What is needed is an exact copy of the lines in the listing below, from the one with "dividing-fractions-by-whole-numbers" up to and including the one with "Saturday 9th March", with no other lines.

### Source records
^^^^^^^^^^^^^^^^
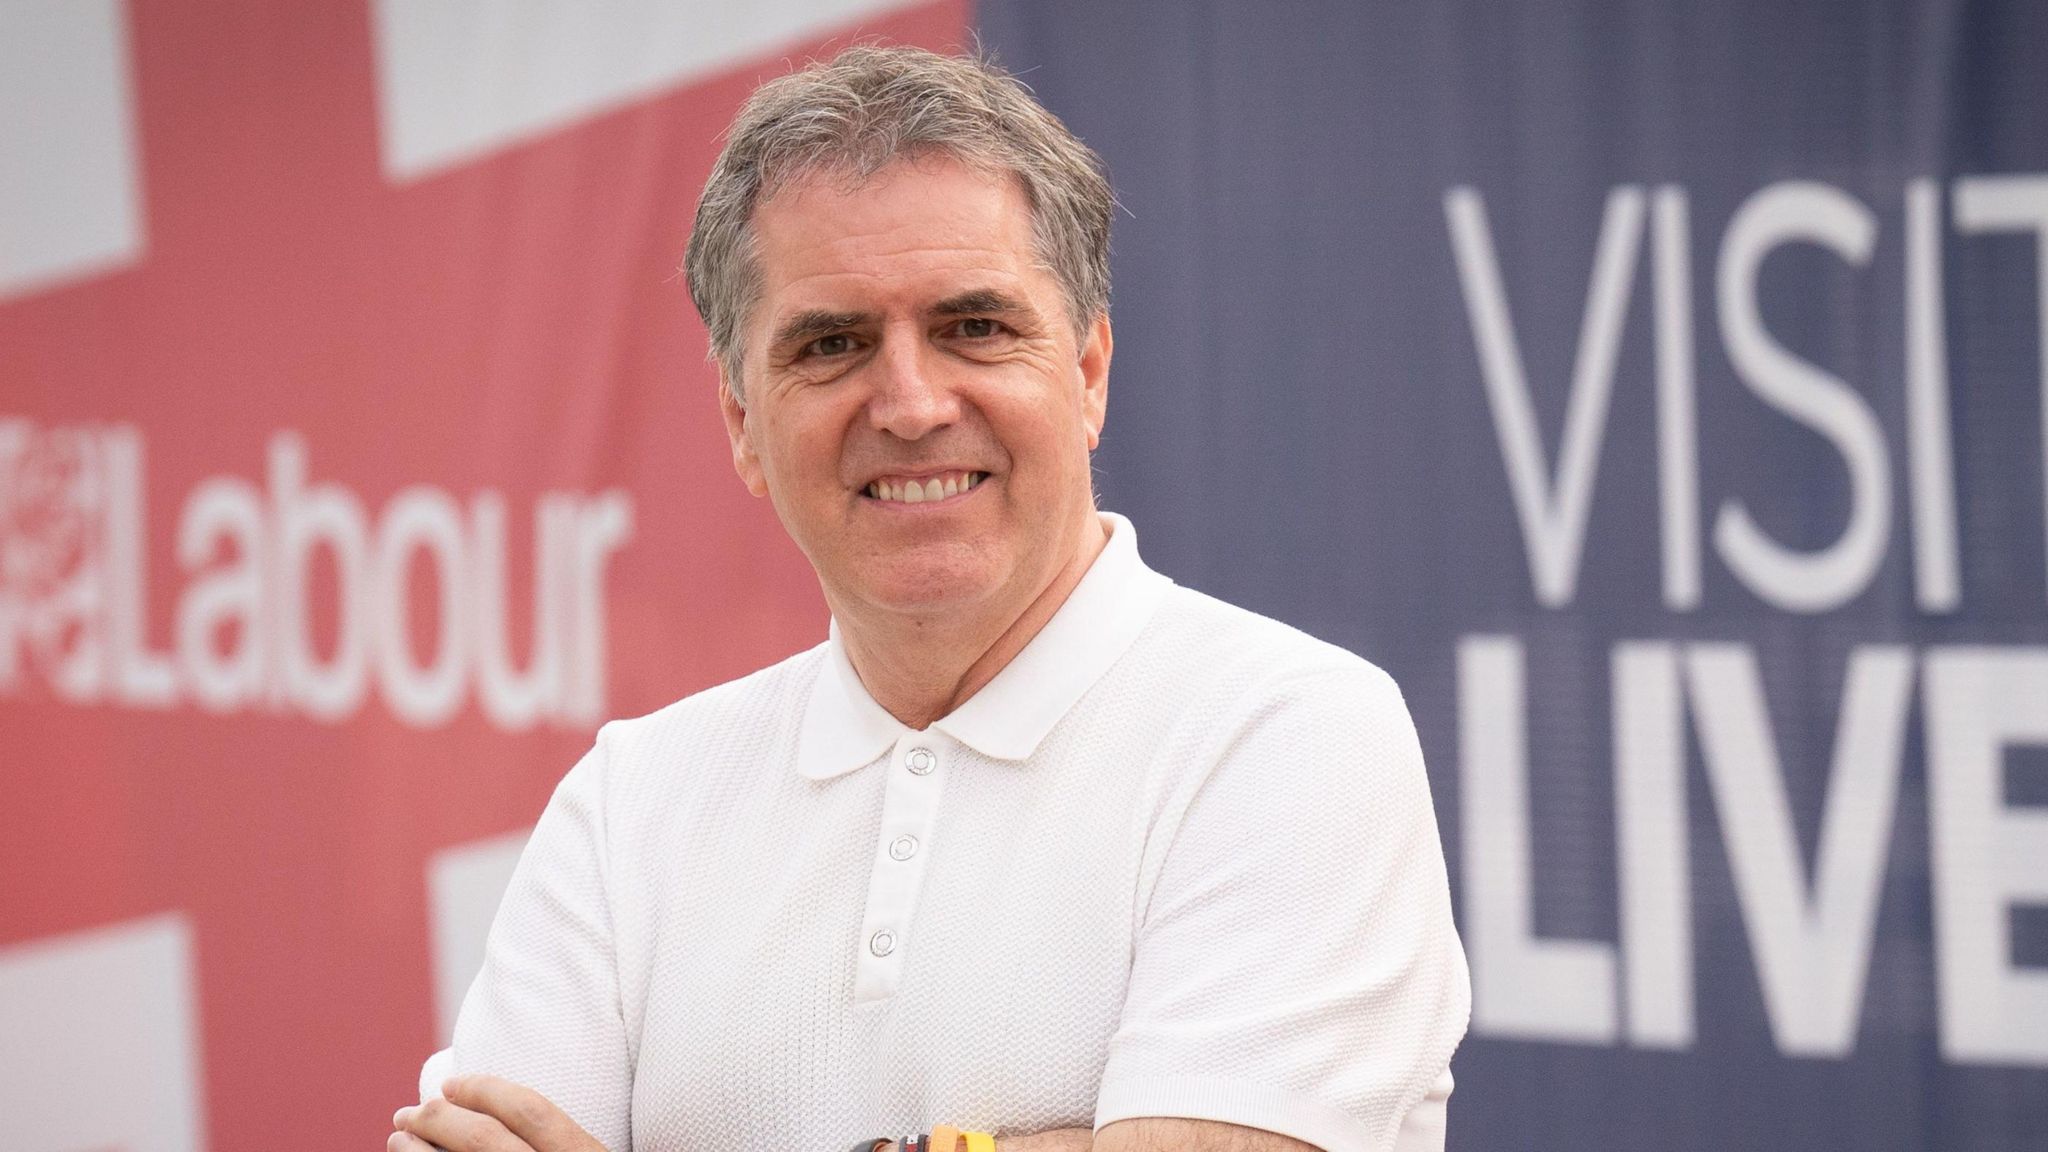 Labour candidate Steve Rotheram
^^^^^^^^^^^^^^^^
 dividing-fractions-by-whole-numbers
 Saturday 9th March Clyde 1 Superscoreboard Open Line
^^^^^^^^^^^^^^^^
### Reply
 dividing-fractions-by-whole-numbers
 Saturday 9th March Clyde 1 Superscoreboard Open Line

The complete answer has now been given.